Molding of Films for Measuring WVTR
A Carver compression press was used to mold polymer films averaging about 3 mil (76 pm) thickness with a variation of [+ or -] 5 [micro]m
for all of the compositions. The molding temperature was 250[degrees]C or 270[degrees]C for PA-6 or PA-MXD6 blends, respectively. Compression molded sheets of 2 mm thickness were also prepared utilizing similar molding parameters for morphological characterization of the blend compositions.
Differential Scanning Calorimetry (DSC) Measurements
A Thermal Advantage Universal Q 1000 differential scanning calorimetry (DSC) analyzer was used to measure crystallization behavior of the individual components, nanocomposites and blend formulations. Two heating/ cooling scans were run for each material specimen at 10[degrees]C/min between 30[degrees]C and 300[degrees]C. The second scan provided means to obliterate processing heat history effects on the reported melting and crystallization phenomena.
Ultra-thin sections (40-70 nm.) were cut from 2 mm thick compression moldings prepared as above for characterization of the phase structure and clay partitioning in the blends using a Reichert Ultracut S ultramicrotome at -120[degrees]C and analyzed with a Phillips Tecnai 12 transmission electron microscope at a 120-kV accelerating voltage. The remaining sample stubs, from which the ultrathin sections were cut, were then utilized for atomic force microscopy.
Atomic force micrographs were obtained both with a Digital Instruments Nanoscope III and a Quesant Instrument Corporation Q-scope 350 operated in the tapping mode.
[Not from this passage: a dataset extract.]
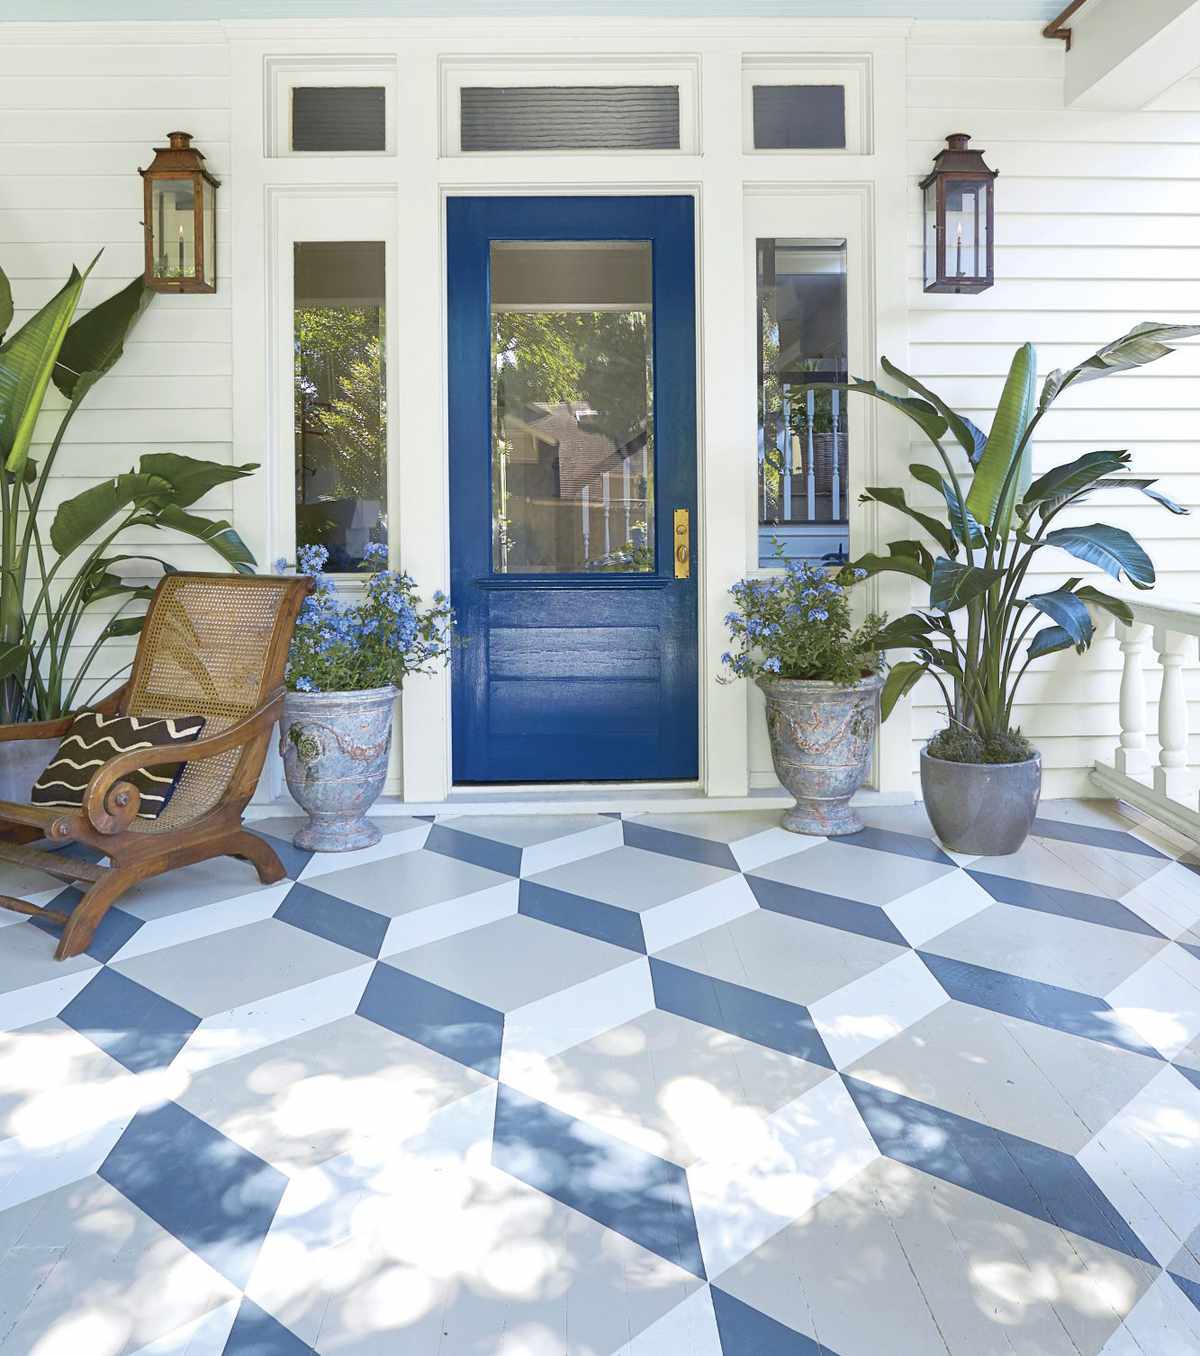 How To Paint Your Porch Floor, Front Porch Tile Flooring Ideas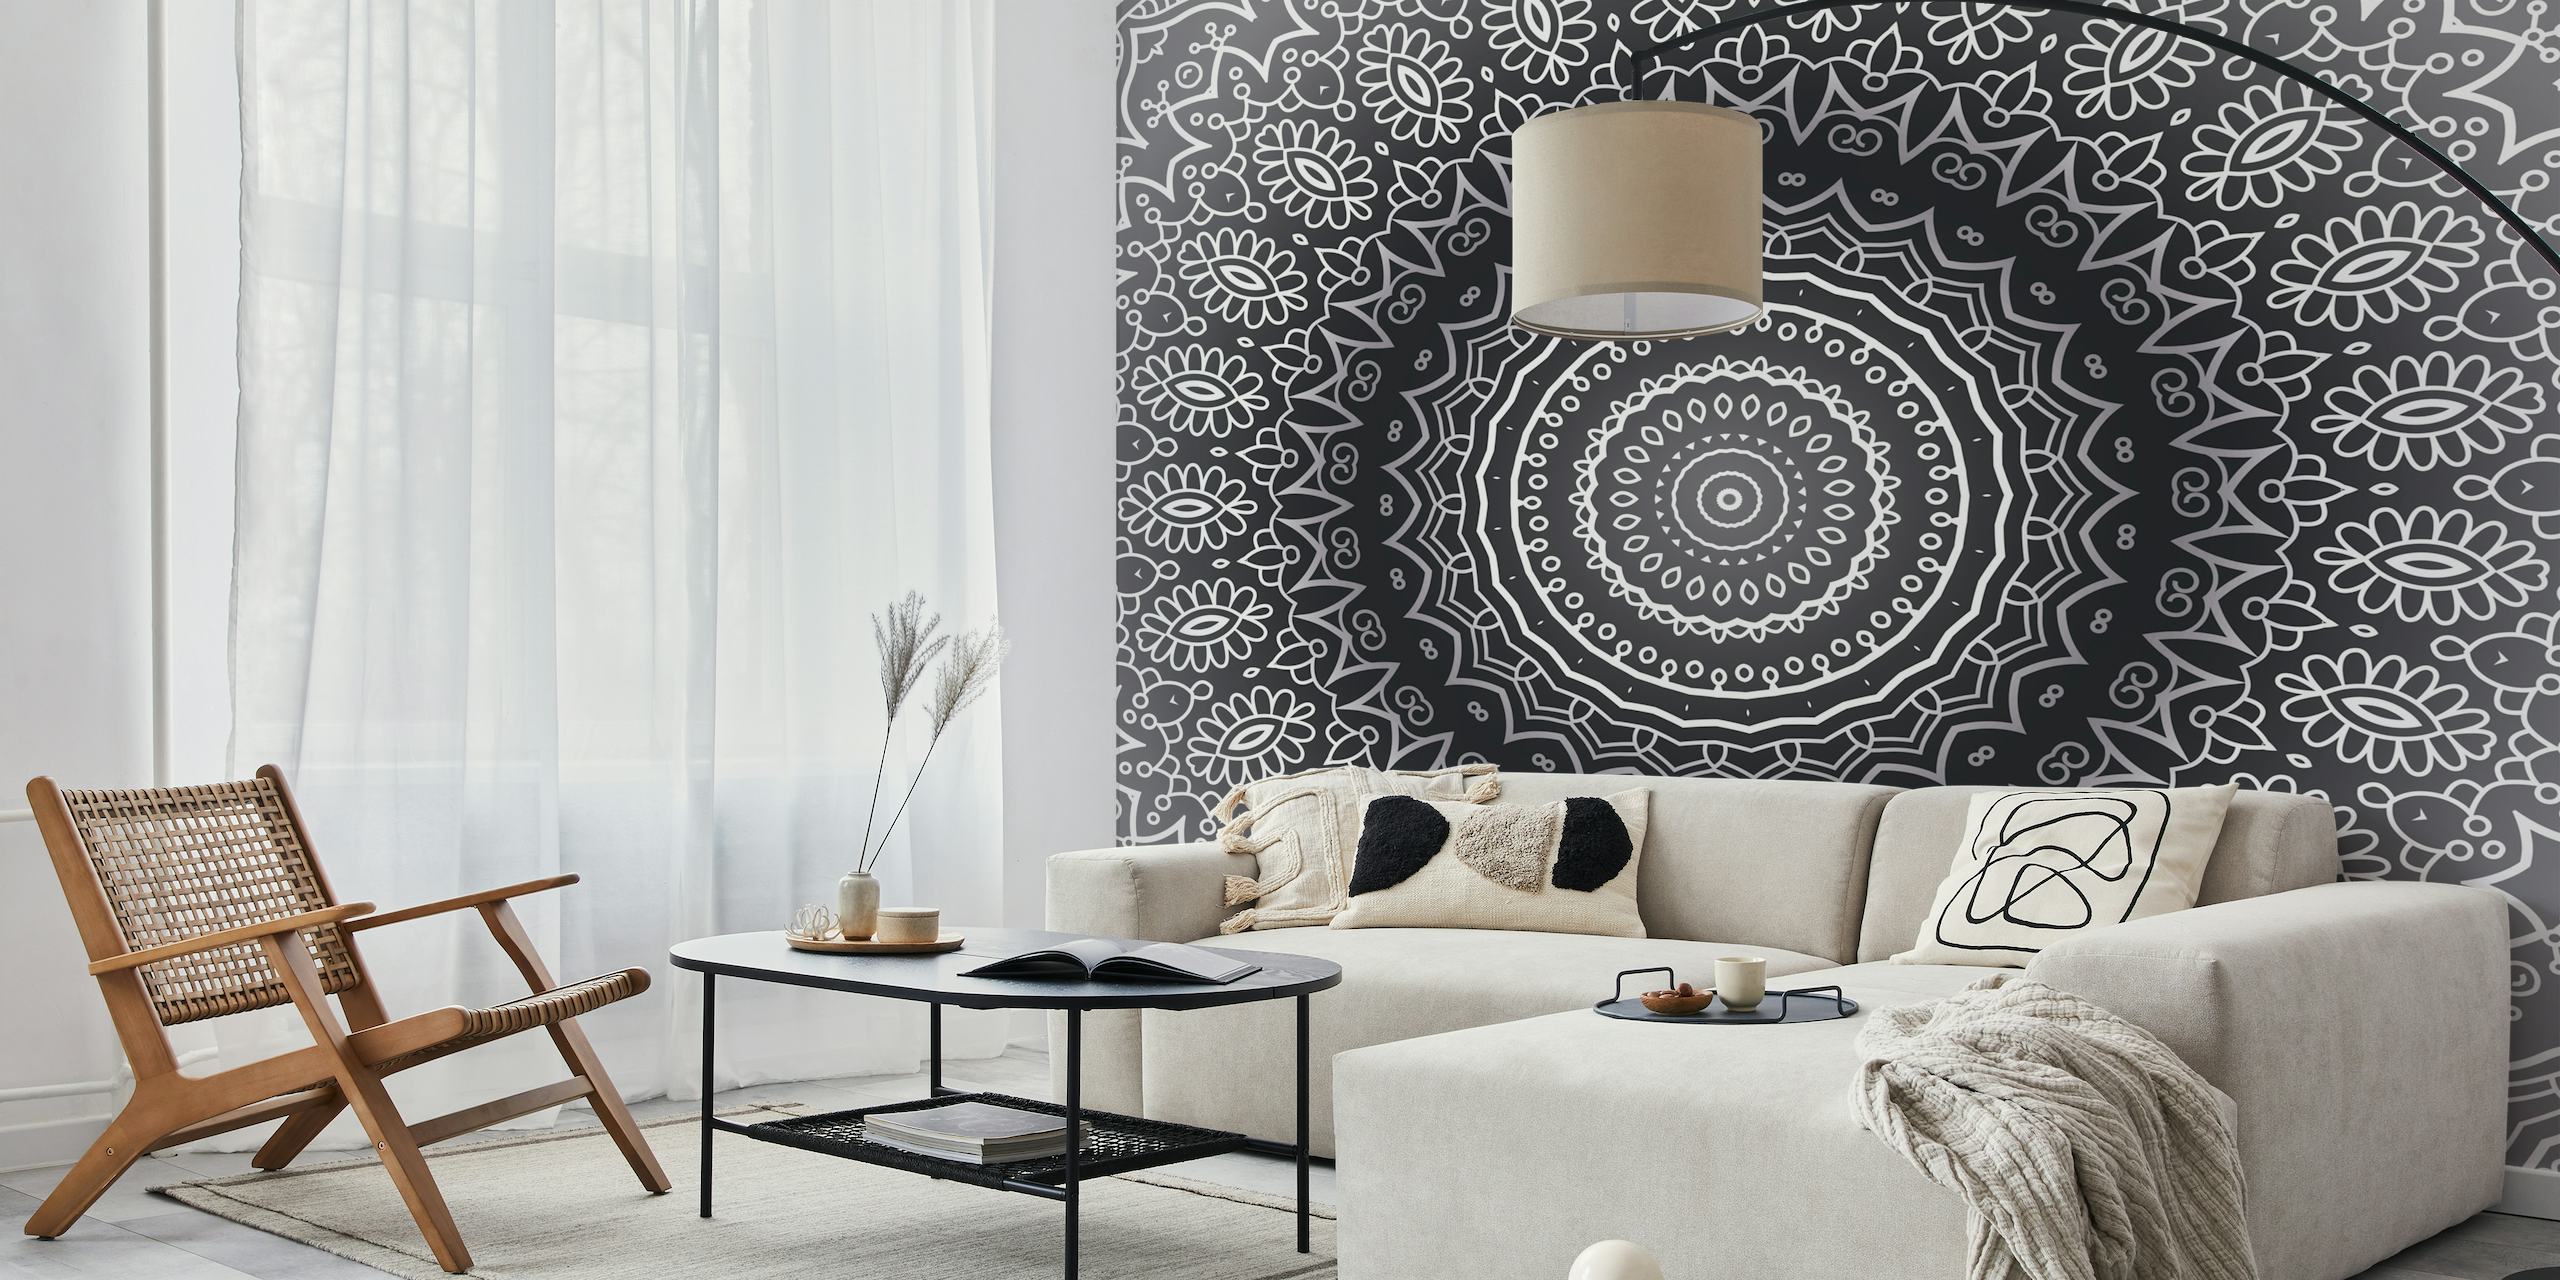 Graues Mandala-Wandbild mit komplizierten Mustern

A Rheometrics Scientific Advanced Rheometrics Expansion System dynamic viscometer was used in its parallel plate configuration with disk-shaped samples for the measurement of dynamic rheological properties. All component polymers and nanocomposites were tested for frequency dependence of the complex modulus and viscosity. The disks were molded to 25 mm. diameter and about 2 mm thickness, while the gap between the discs was set at 1.5-1.7 mm for all the samples. The strain was 1% and frequency was swept from 0.5 rad/sec to 100 rad/sec. The temperatures used were 250[degrees]C for PA-6 and 260-280[degrees]C for PA-MXD6.
Measurement of WVTR
Bottles filled with water and sealed with film pressed from the compounded samples were introduced into a dry atmosphere in a desiccator loaded with Dryrite desiccant to induce a water vapor gradient across the film, as shown in Fig. 1. High-vacuum grease was applied to produce an effective seal between the bottle and the film that was held in place by a ring cap, ensuring that the loss of water vapor was only by diffusion through the film. The rate of water vapor loss from the bottle through the polymer film was determined by weighings made at regular time intervals according to ASTM E 96-00. The measurements were continued until a steady rate of weight loss could be reported. WVTR measurements were corrected for film thickness variation by multiplying the value by the thickness of the film and reporting normalized WVTR as g.mil/hr.[m.sup.2].
RESULTS AND DISCUSSIONS
Figure 2 shows the variation in heats of transition (fusion and crystallization) with varying clay concentration. The heat of fusion obtained from DSC analysis is considered an indicator of the crystallinity developed in the system. Change in crystallization temperature upon addition of nanoclay suggests nucleation that could affect the permeation resistance of the system by alteration of the microstructure of the PA-6 crystallite through its association with the clay. Increased crystallization temperature would benefit nanoclay-filled systems over unfilled PA-6 in allowing shorter cooling cycle in injection molding process and increased production rate (pull rate) in film or sheet extrusion through quicker setting of the product dimensions. The effect of nanoclay addition on nanocomposite heat of fusion can also be attributed to changes in the nylon's crystal structure. There is also evidence in Fig. 2 for cold crystallization of the PA-6 in nanocomposites as seen by a higher heat of fusion vs. primary crystallization at the levels of maximum clay affect around 2 vol% silicate. Figure 3 shows primary crystallization temperature to increase upon addition of nanoclay up to a maximum at 2 vol% silicate concentration, followed by reduction to a plateau level at higher loadings. Thus, the clay is more effective in nucleating crystallization when present at lower concentration. In contrast, melting point (fusion temperature) decreases monatonically over the range of clay concentrations studied.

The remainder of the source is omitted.